> Data below:
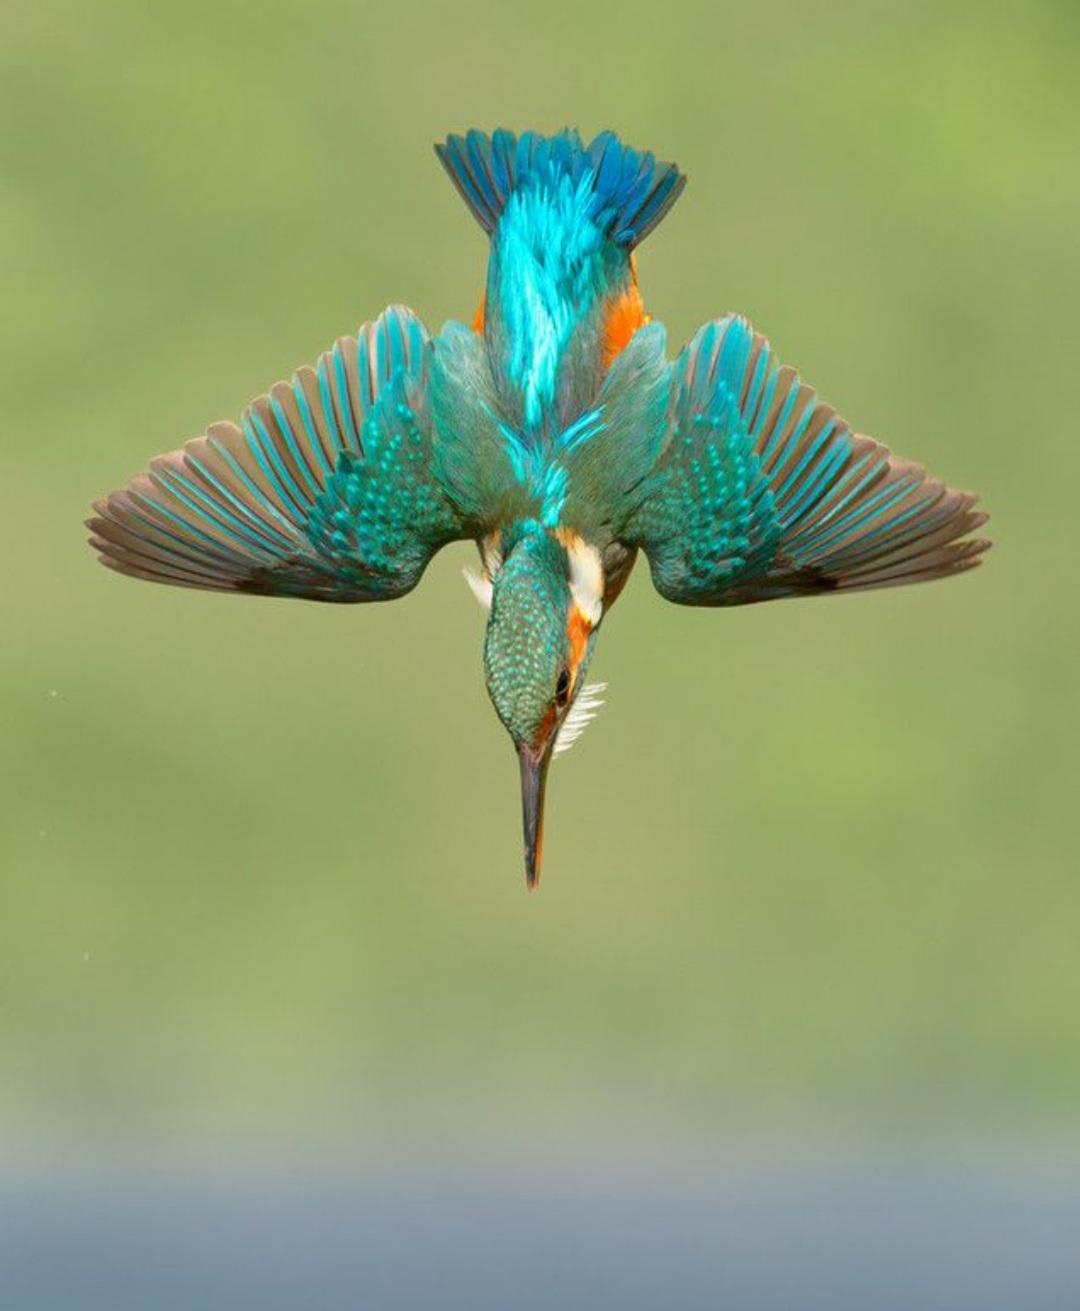 The design of a kingfisher’s beak is aerodynamically efficient, allowing it to dive from its perch, towards its prey, with maximum speed and minimum splash. In fact, the beak design is so clever that the front of many Japanese bullet trains are modelled to mimic it.
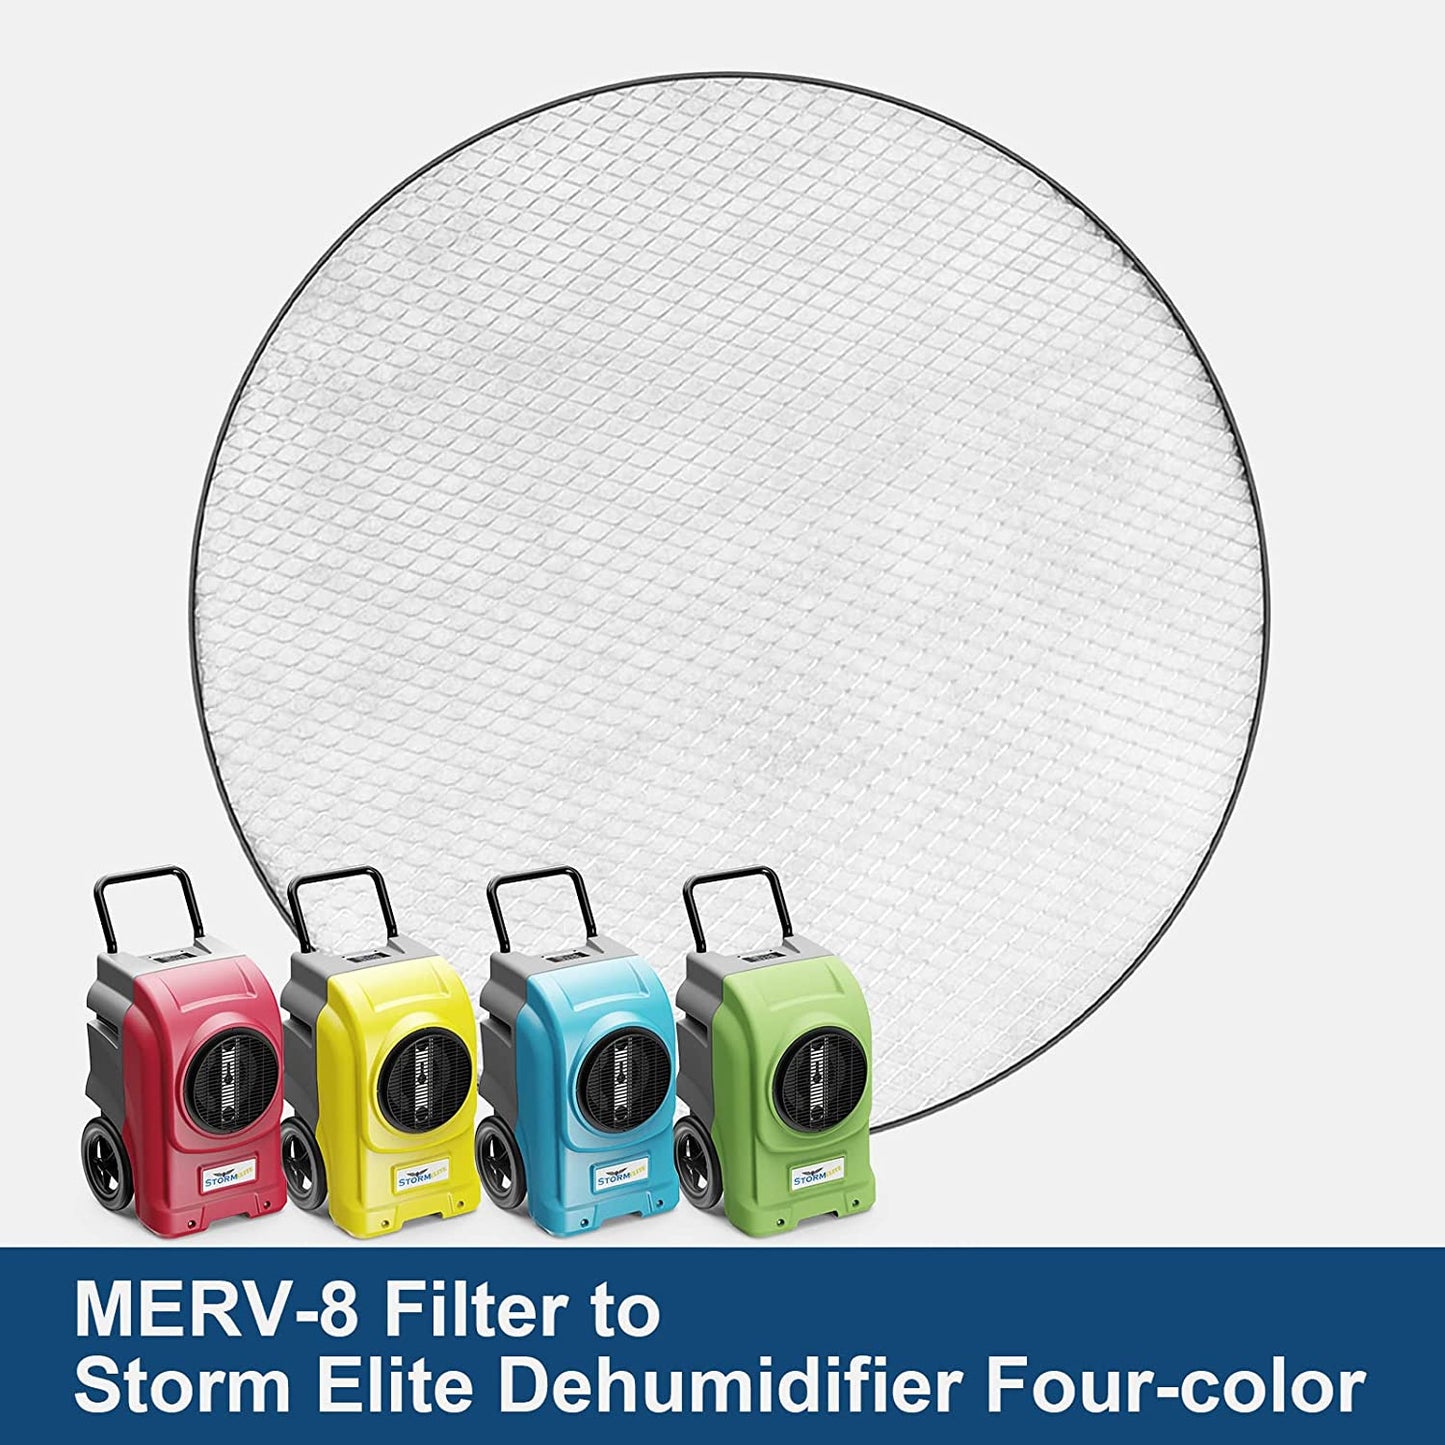 AlorAir® 3 Pack MERV-8 Filter for Commercial Dehumidifiers Storm Elite New Accessory, Round
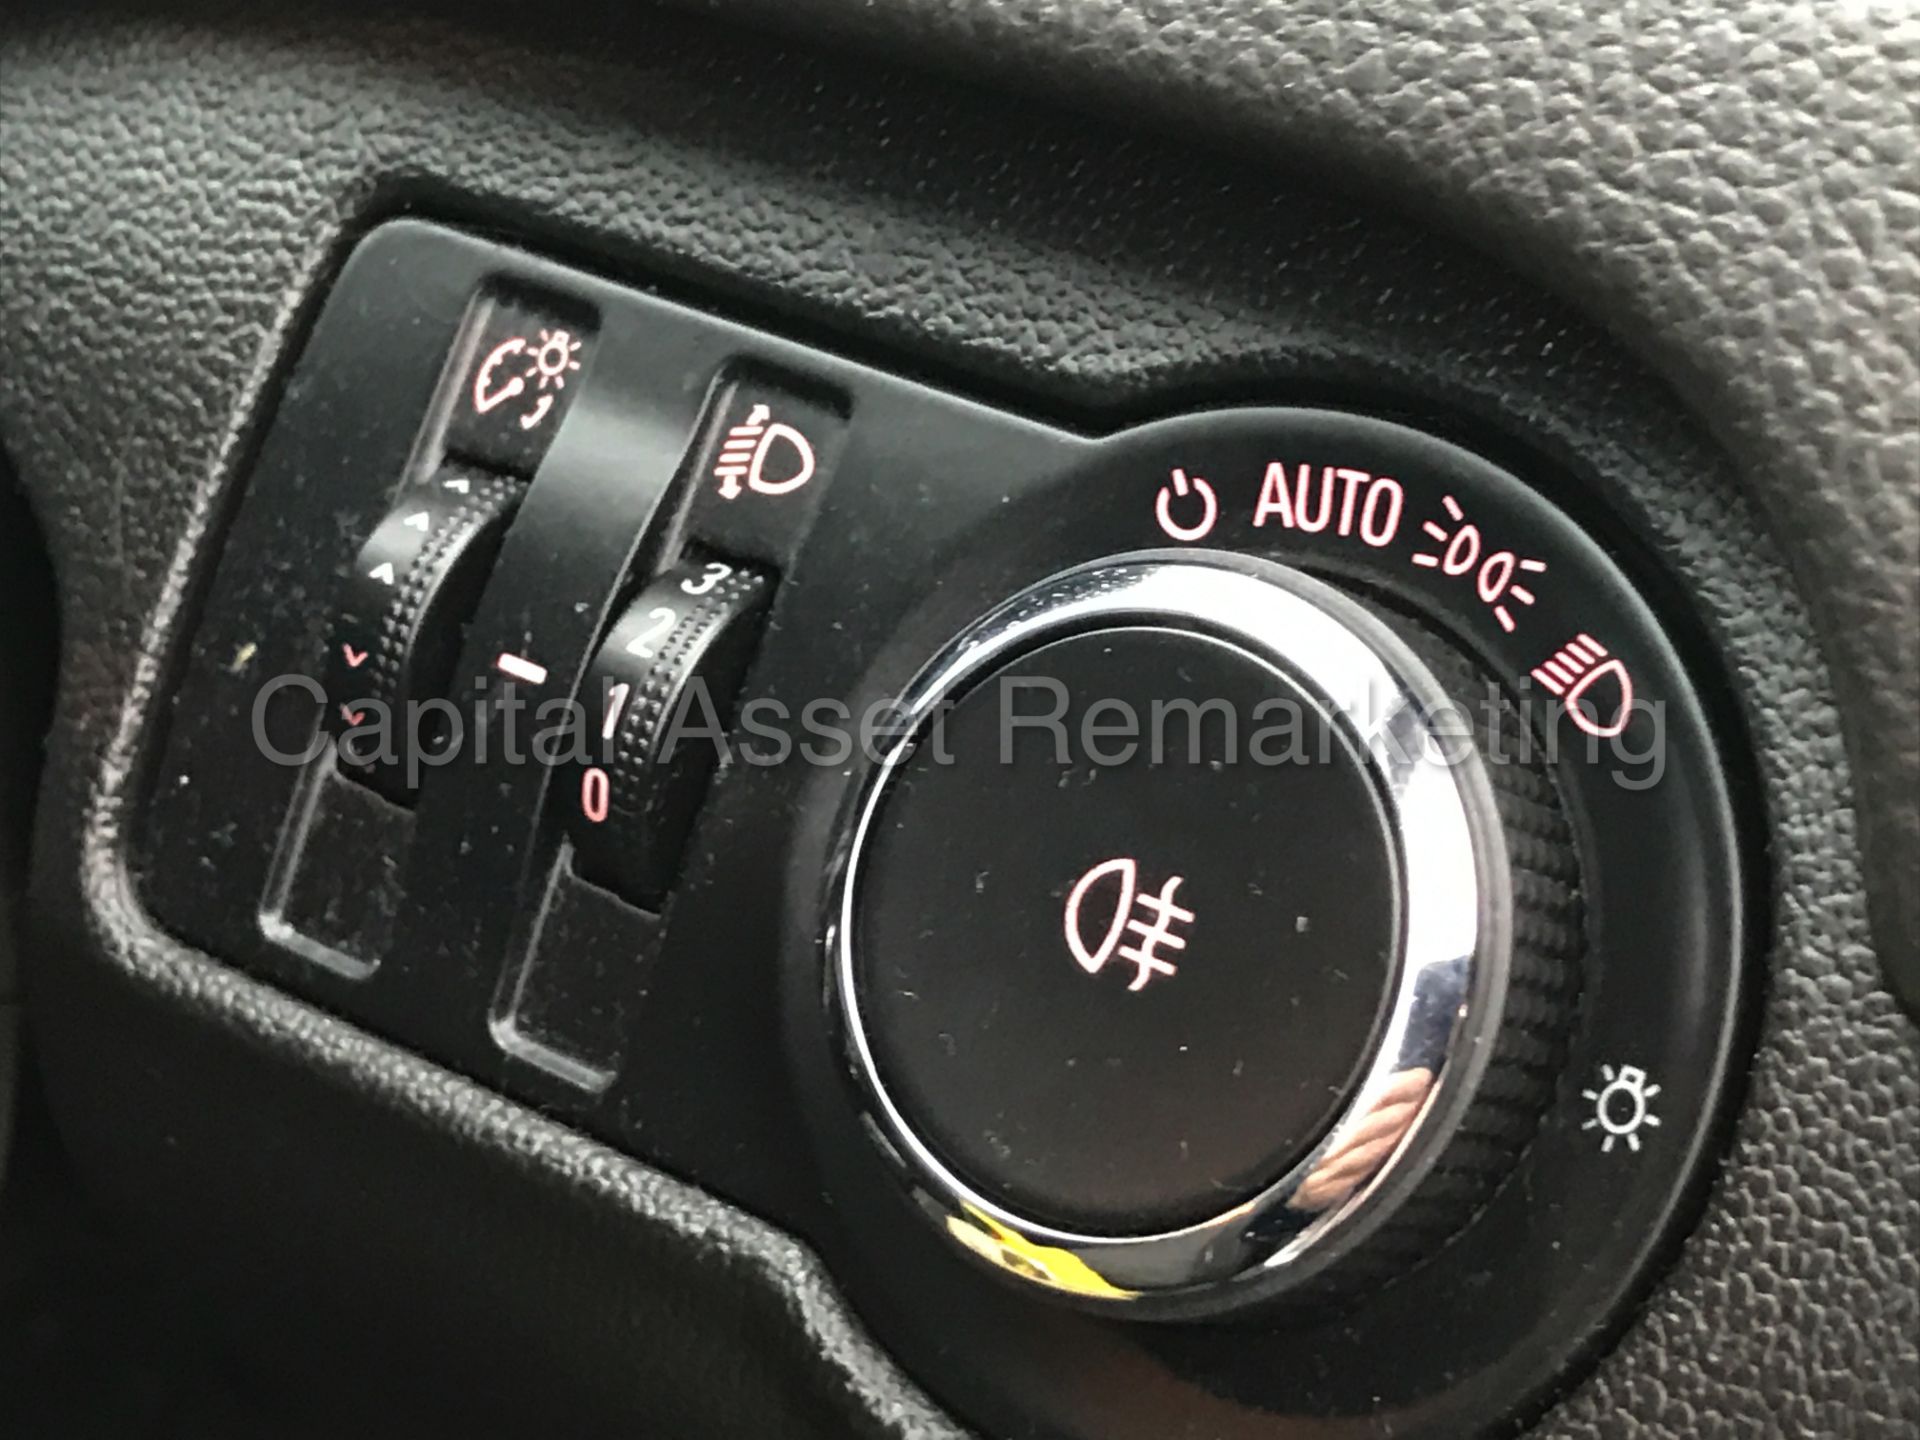 VAUXHALL INSIGNIA 'EXCLUSIVE' (2012) '2.0 CDTI - 6 SPEED - STOP/START - AIR CON' *1 FORMER KEEPER* - Image 23 of 26
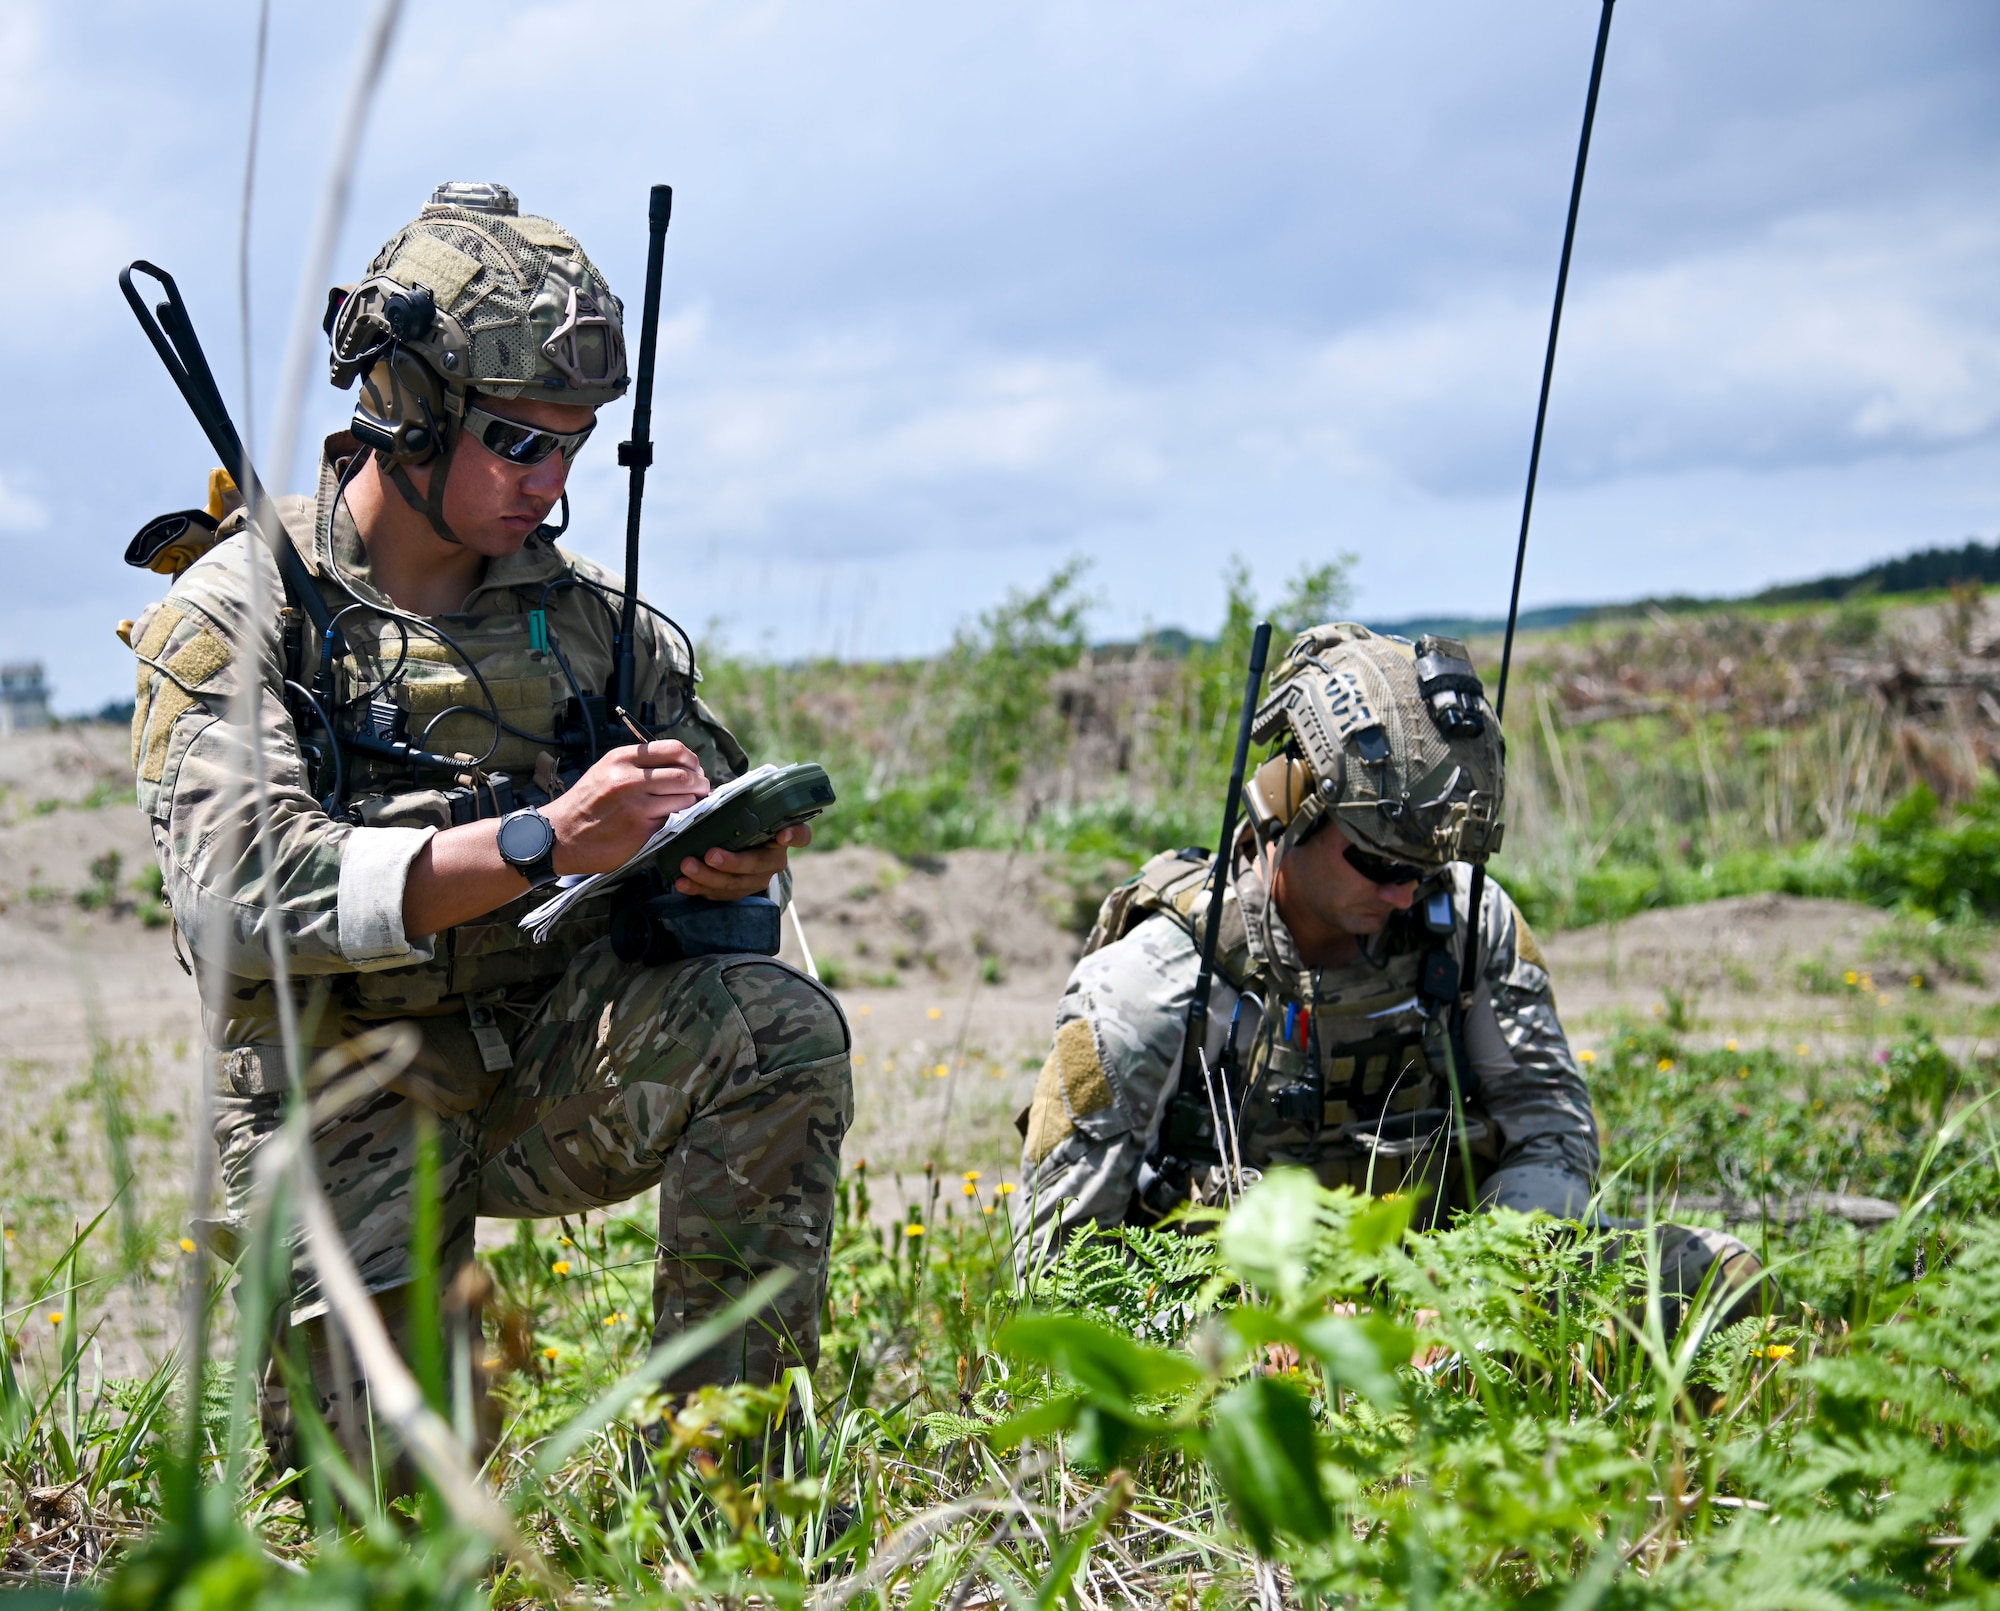 A U.S. Air Force joint terminal attack controller, left, fills in information for a 9-line while another JTAC, both assigned to the 320th Special Tactics Squadron, evaluates him at Draughon Range, near Misawa Air Base, Japan, June 15, 2020. A 9-line is a standardized format in which a JTAC gives targeting information to aircraft pilots. Brandt and other JTACS from the 320th STS came to Draughon Range to maintain their currency as combat controllers. (U.S. Air Force photo by Tech. Sgt. Timothy Moore)

> Action item: Only the lines from the first line of the listing above through the line with "VAUXHALL INSIGNIA 'EXCLUSIVE'" should be set down, exactly and without pictures.

> Expected answer:
 The design of a kingfisher’s beak is aerodynamically efficient, allowing it to dive from its perch, towards its prey, with maximum speed and minimum splash. In fact, the beak design is so clever that the front of many Japanese bullet trains are modelled to mimic it.
 AlorAir® 3 Pack MERV-8 Filter for Commercial Dehumidifiers Storm Elite New Accessory, Round
 VAUXHALL INSIGNIA 'EXCLUSIVE' (2012) '2.0 CDTI - 6 SPEED - STOP/START - AIR CON' *1 FORMER KEEPER* - Image 23 of 26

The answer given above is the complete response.